Cameron’s response to the riots in 2011 was to reheat racist myths about young Black criminality which had largely been declining (or at least eclipsed by the rampant Islamophobia) over the previous 15 years. A number of us had warned that the advance of anti-Muslim racism at the beginning of this century would legitimise other racist, pseudo-explanations blaming other ethnic and racial groups for various social ills.
That is not the same as saying that there is a huge surge in popular racism or that racism is being generated from the mass of people. There is both the acceptance of racist ideas – most obviously against Muslims. And the rejection; London has a Muslim mayor.

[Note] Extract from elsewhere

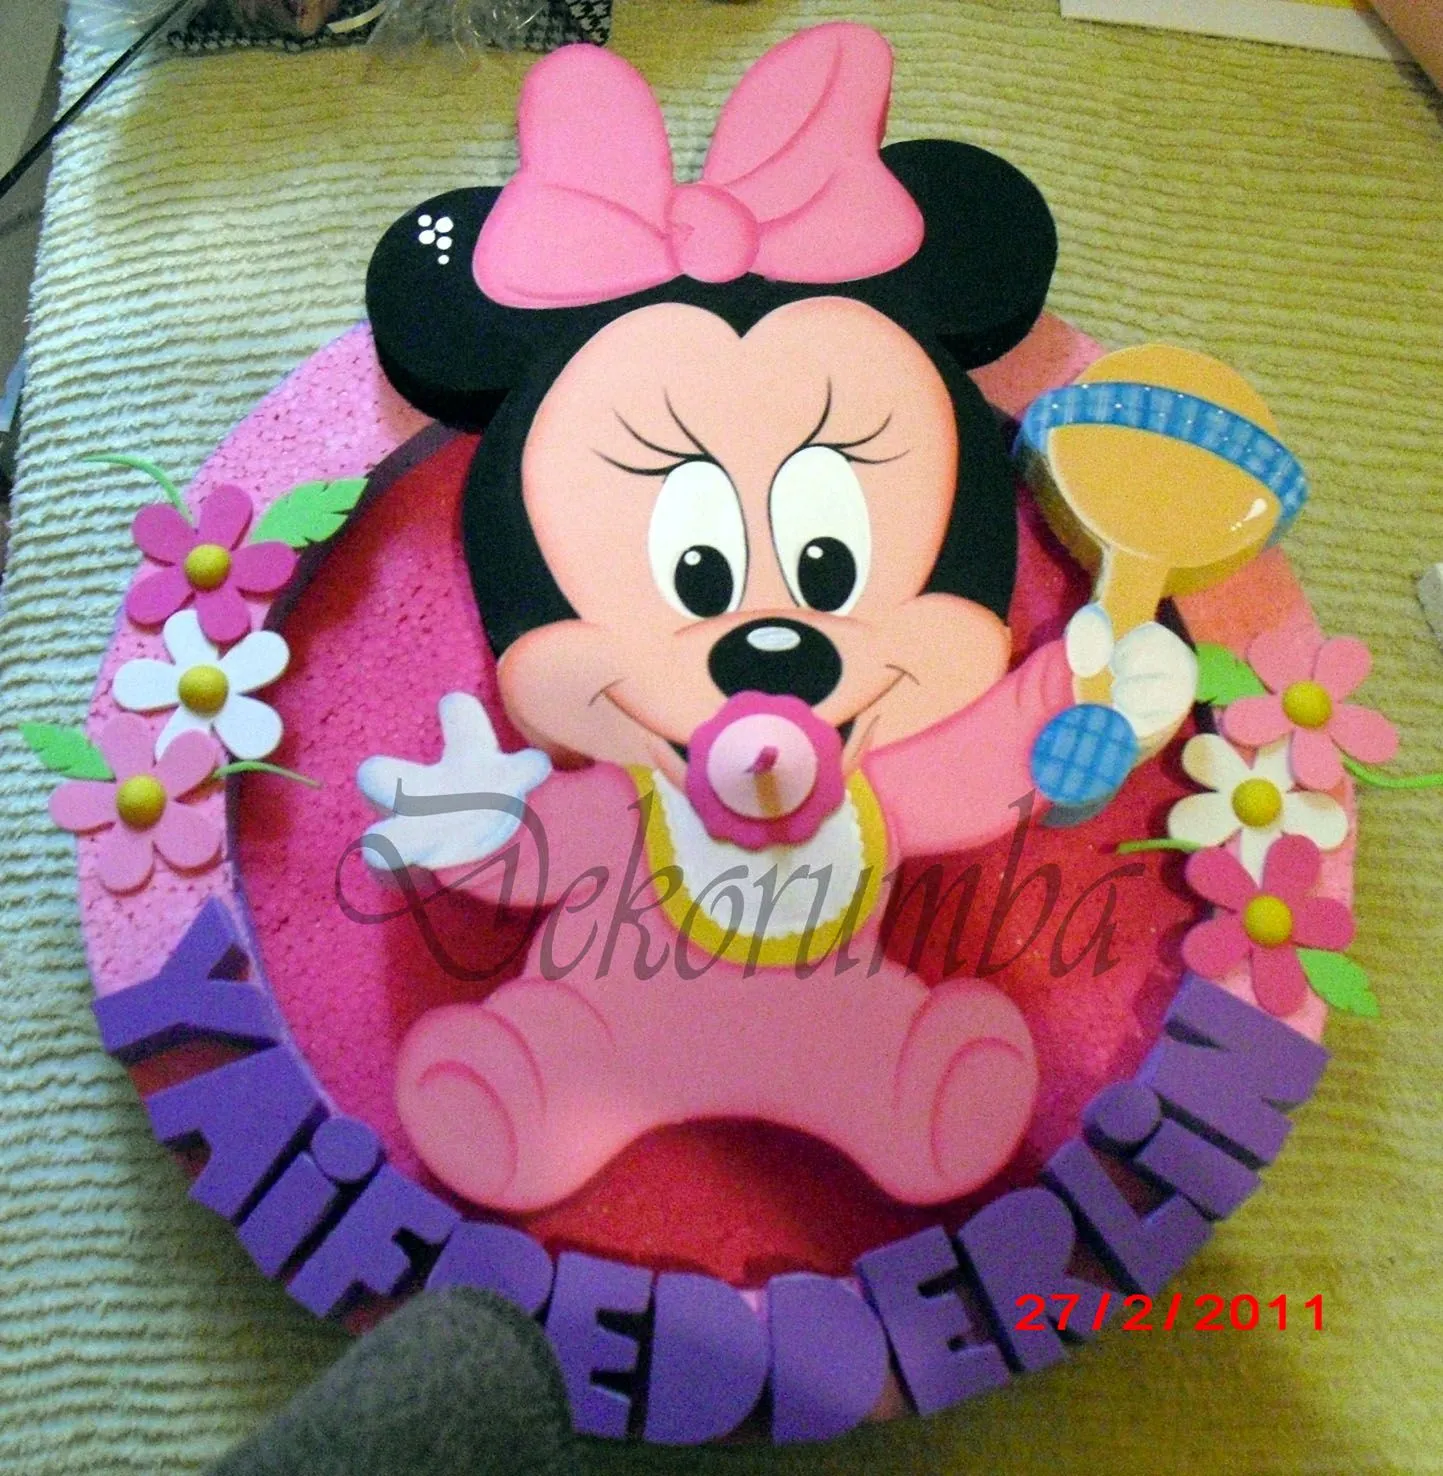 Minnie Mouse baby chupetera - Imagui
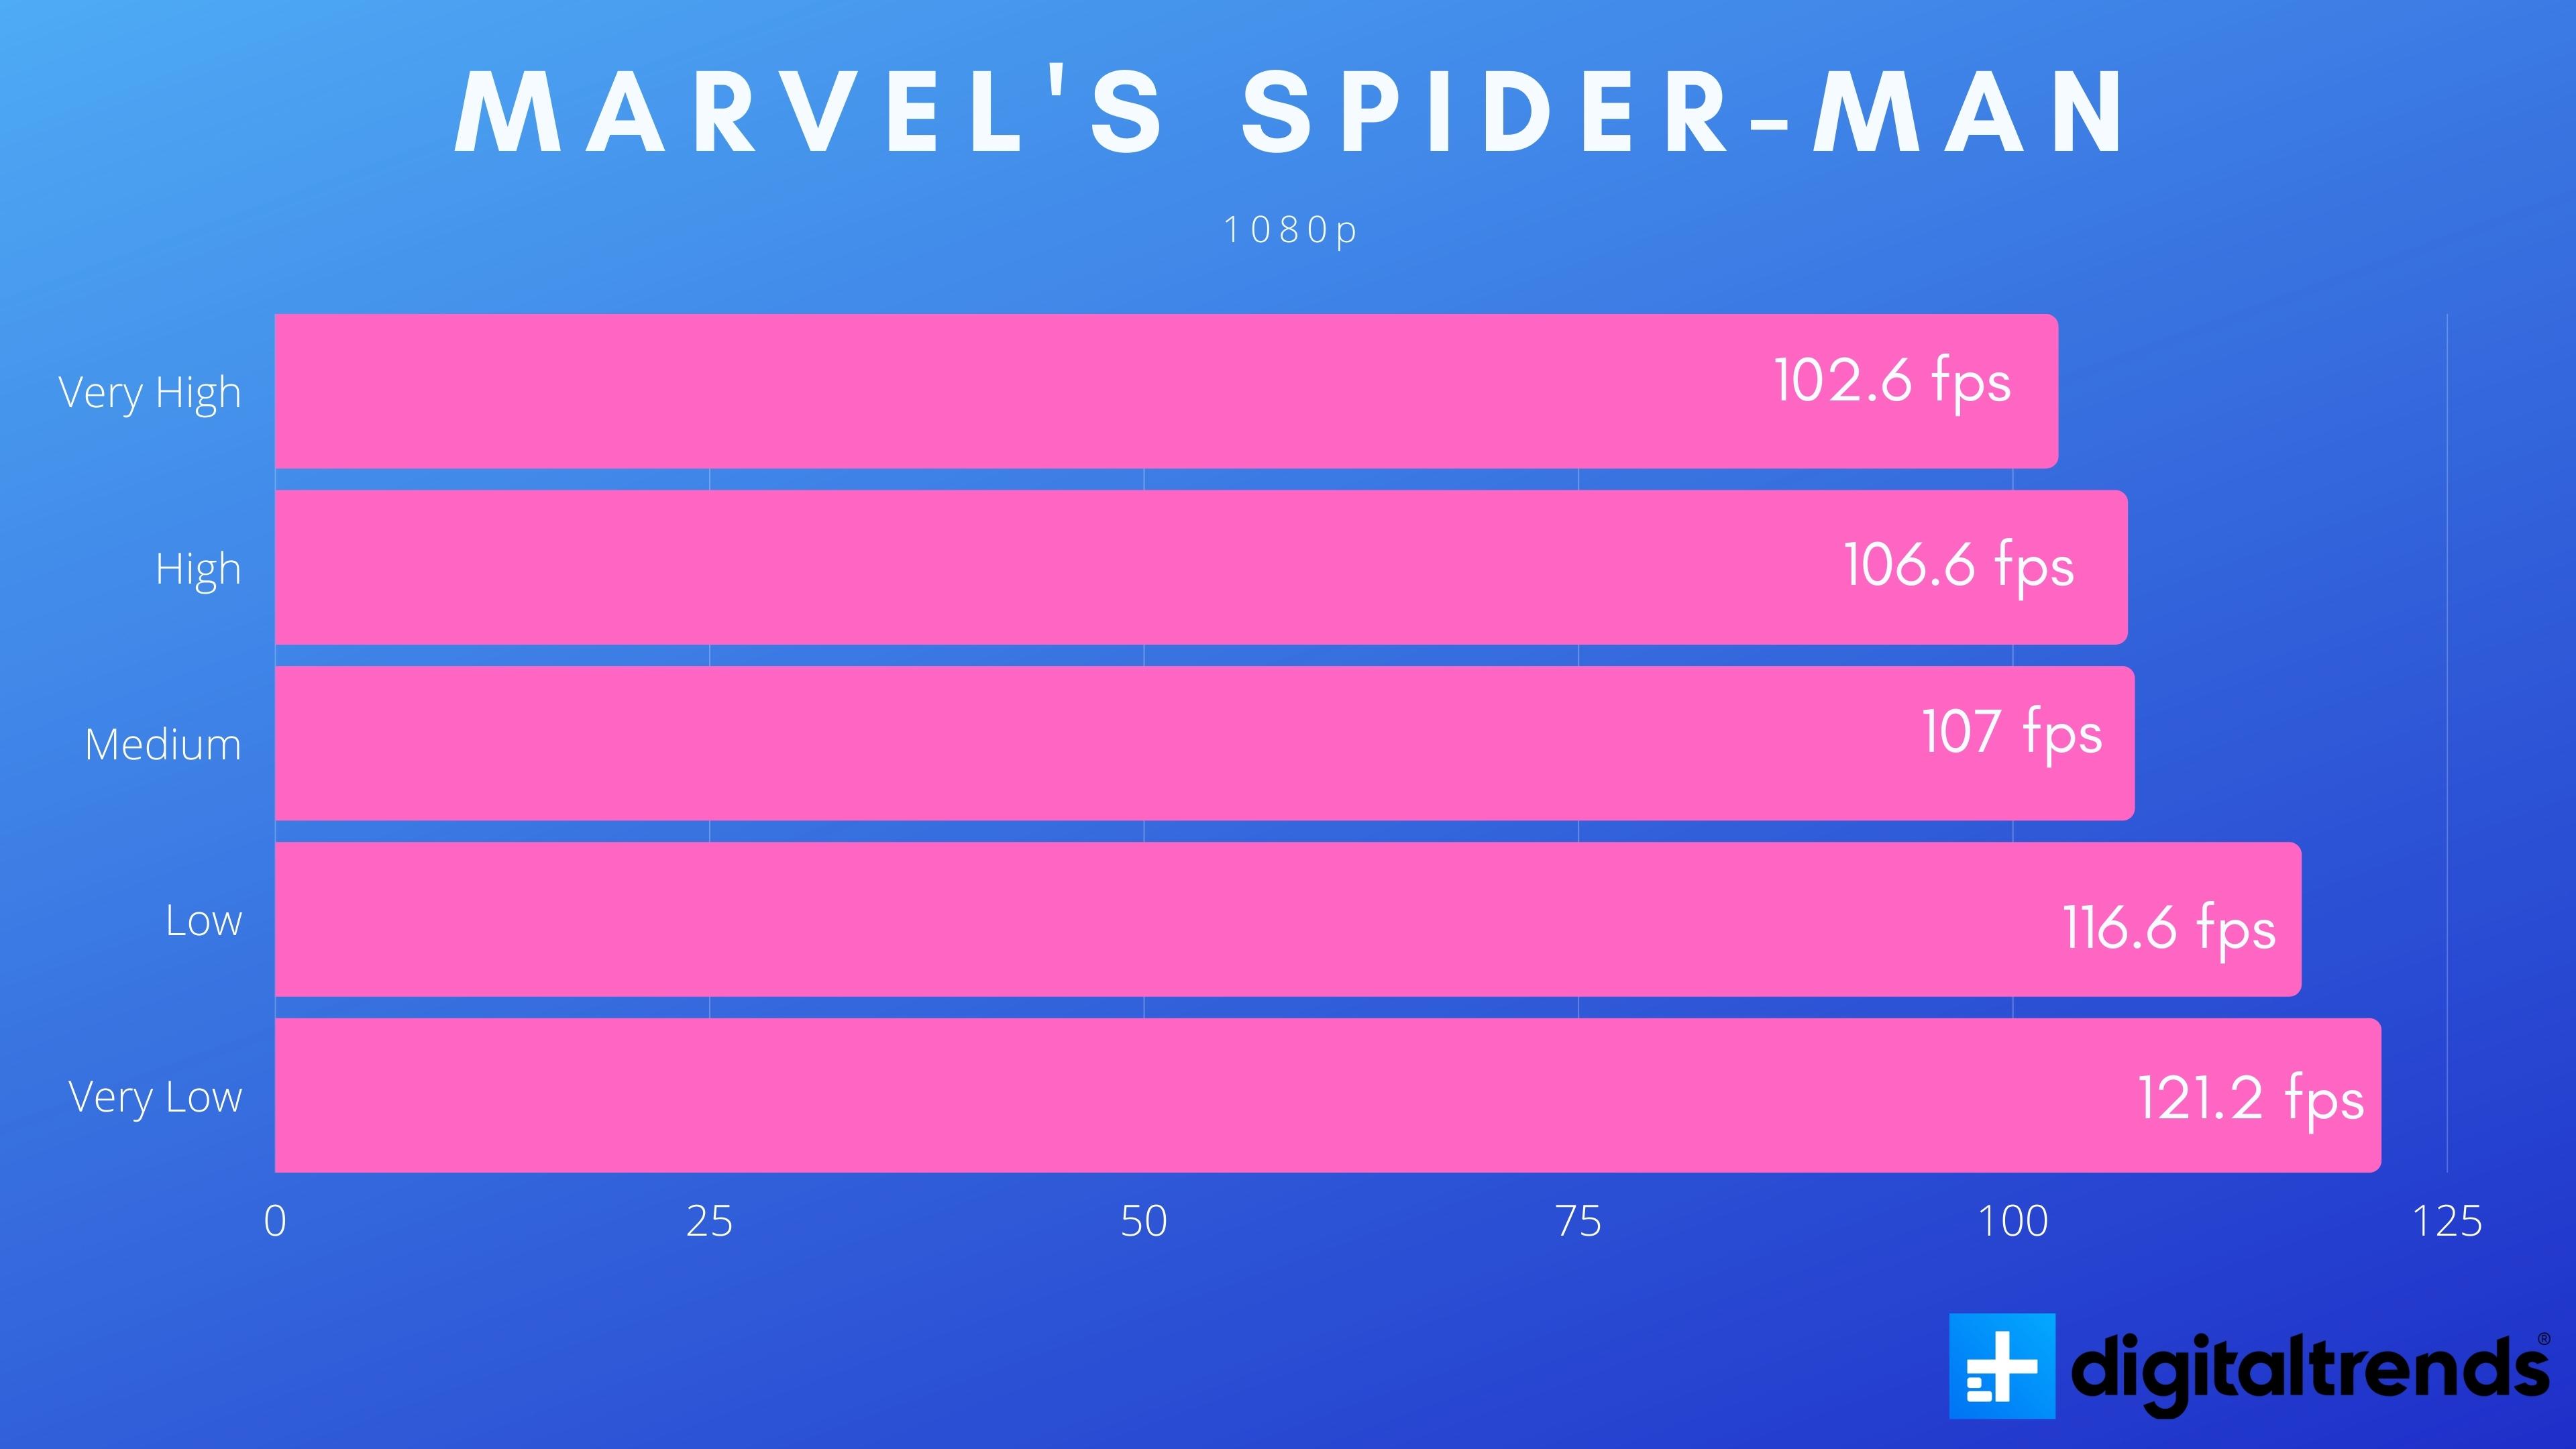 1080p gaming performance in Marvel's Spider-Man.

But the Tory campaign in London showed that what we are seeing is not just “a lot of racism”. We are seeing the highly political use of racism, by governments and politicians across Europe – of the mainstream, and not only by the far right.
David Cameron sought to organise the Tory vote in London on the basis of anti-Muslim racism. The far right and fascists across Europe also seek to organise their political support on the basis of various forms of racism, while posing falsely as outsider, anti-establishment forces. Fascism does something else. It organises not only its electoral support through racism, it organises the actual murder gangs which racist politics gives rise to, ultimately
That is what is specific about fascism. And that’s why it is necessary to have a specific political effort to stop fascism from growing and organising.
The main problem and driving force of racism in Britain at the moment, however, is not fascism. Neither is it uniquely coming from the anti-immigration propaganda of the likes of Boris Johnson and Nigel Farage. That is foul.
But it was David Cameron who called the referendum on the back of a deal with other EU leaders whose central thrust was falsely claiming that other EU nationals are milking the British welfare system. That, and a “guarantee” that the City of London would continue to be the loosely regulated centre of the European financial markets.
That deal creates a further, legal segmentation of the labour force in Britain with another category, intra-EU migrant workers, stripped of some rights (claiming benefits for four years). That is a recipe for more super-exploitation of groups of workers, upon which “concern about immigration” can lead not only to out and out racist ideas, but to racist actions against foreign workers. It is also exactly what a race to the bottom looks like.
Cameron has done this. The official Labour campaign – as evidenced by the deployment of Gordon Brown today – is conjoined with Cameron. Not one Labour figure is saying that Labour will rescind the anti-migrant deal that Cameron negotiated.
There is no way that either an anti-racist or pro-migration argument can be advanced seriously inside the working class on that basis.
The issues go way beyond the referendum, upon which the radical left is divided.
Immigration remains both a cypher for real issues of economic hardship and inequality and also a code for racism.
That is going to be met only through the development of popular and militant movements both against austerity and against racism, in all its forms.
Building those requires a radical left which is wholly independent from the establishment politics, which is being seen in the referendum campaign to be so out of touch with vast numbers of people.
It means also seeking to organise those movements and those ideas within the working class, at work, in communities, in unions and elsewhere. That cannot happen if the arguments are connected with “what is good for business” or “what is good for Britain”.
We need a complete break in the labour movement with the disastrous politics of Blair and Brown. Nowhere more so than in reasserting militant, class-based anti-racism – where it is the common struggle of migrant and non-migrant workers which redefines how people think about “immigration”.